Genau. Das geht auch bei Französisch. Da lässt du deine langen Haare drüber fallen.

Machen die Kunden da keinen Ärger?

Nicht bei mir. Du musst gut überzeugen können. Du musst die totquatschen. Wenn du so aussiehst wie ich, sind die Kerle nur fixiert auf deine Brüste. Gäste, die zur Domina gehen, sind sehr unterwürfig. Ich fasse meine Gäste nicht mal an, und sie dürfen mich auch nicht anfassen. Nur wenn ich sage: "Küss meine Schuhe", dürfen sie mit dem Mund meine Schuhe berühren. Manche stehen auf Verbalerotik, andere wollen sich schlagen lassen. Sie holen sich selber einen runter oder sie kommen in ihrem Gummianzug.

Wo bedienen Sie Ihre Freier?

Ich habe bei einer Bekannten ein Studio mitbenutzt. Die hat leider aufgehört.
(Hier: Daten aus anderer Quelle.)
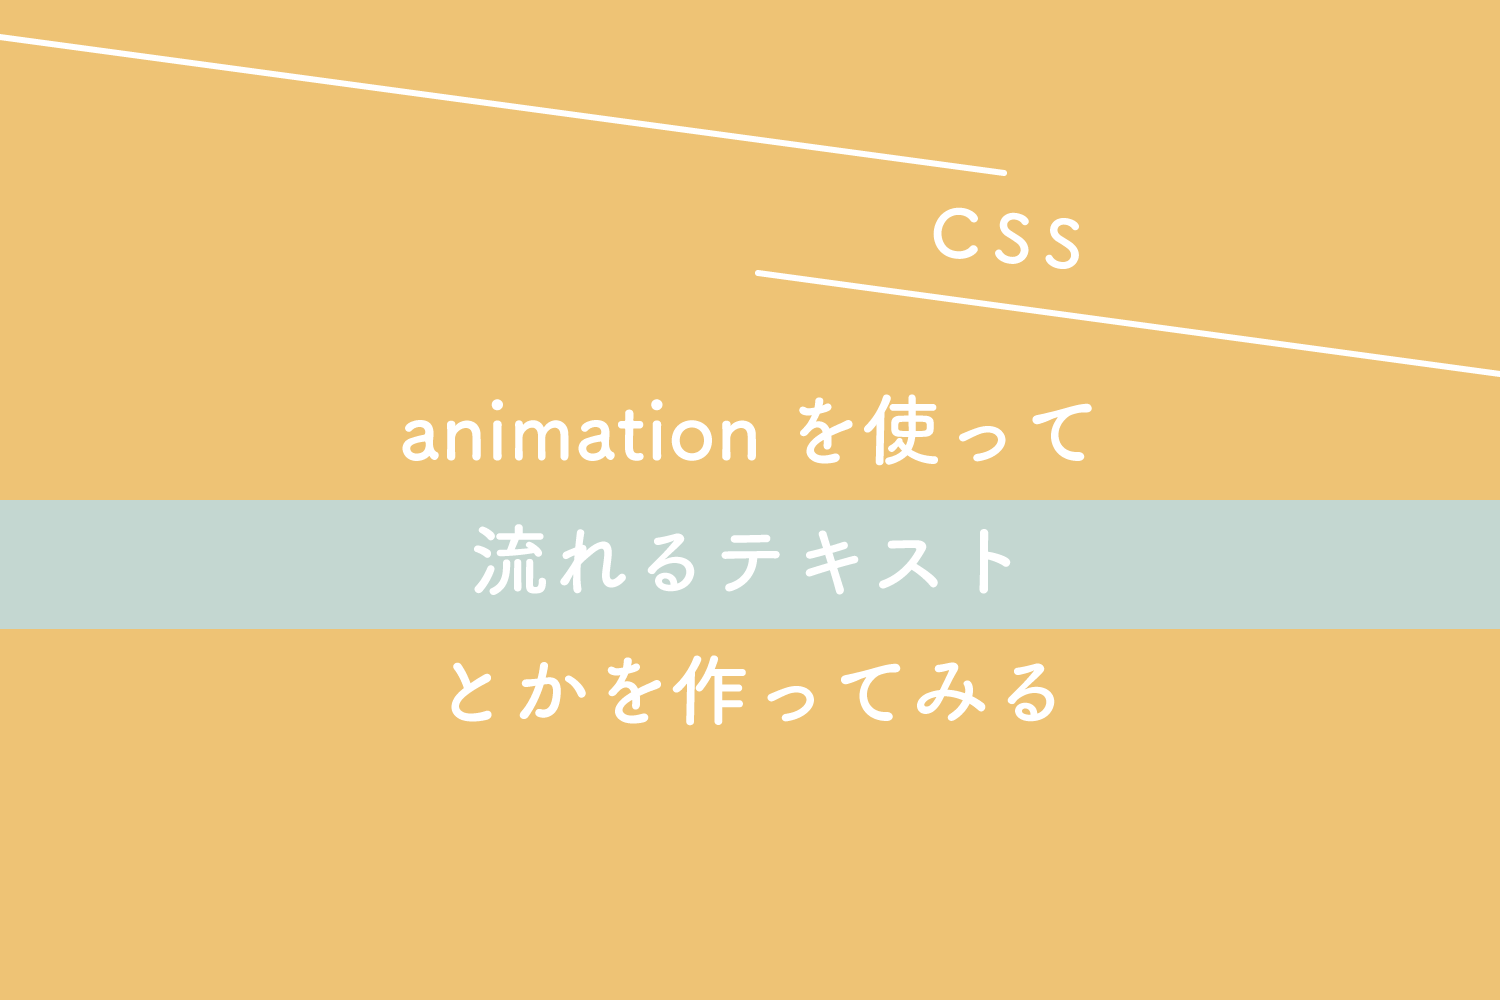 【CSS】animationを使って流れるテキストとかを作ってみる

Danach bin ich in eine Pension gegangen.

Haben Sie viele Stammfreier?

Das versuche ich zu verhindern. Stammfreier werden wie Ehemänner. Ich gebe keinem meine Nummer. Ich würde keinem sagen, wo ich wohne. Dann stehen die nämlich vor meiner Tür.

Wie wohnen Sie ?

Ich habe eine kleine Wohnung in Tempelhof an der Grenze zu Kreuzberg. Zwei Zimmer. Das reicht für mich und meine Familie.

Ihre Familie?

Drei Hunde, zwei Katzen und zwei Papageien.

Haben Sie keinen Partner?

Im Moment leider nicht. Ich suche. Ich war mal verheiratet. Meinen Mann habe ich in St. Pauli kennen gelernt. Der war Bordellbesitzer. In den elf Jahren, die ich mit ihm verheiratet war, habe ich nicht als Hure gearbeitet. Danach war ich lange mit einem Bauarbeiter liiert. Der hatte nichts mit dem Milieu zu tun. Das war hier in Berlin. Seit fünf Jahren bin ich solo.

Wo liegt das Problem?

Es ist schwer, den Richtigen zu finden. Wenn du zugibst, dass du Hure warst, schreckt das viele Männer ab. Sie denken, du hattest mit Tausenden Sex. Sie vergessen, dass eine Domina keinen Sex hat.

Haben Sie viele Verehrer?

Im Moment nicht mehr so viele, weil ich nicht mehr drauf eingehe. Ich bin nicht materiell eingestellt. Wenn ein Mann sagt, ich fahre Porsche, beeindruckt mich das überhaupt nicht. Ich würde eher einen Hartz-IV-Empfänger nehmen, wenn er mich und meine Hunde und meine Vergangenheit akzeptiert.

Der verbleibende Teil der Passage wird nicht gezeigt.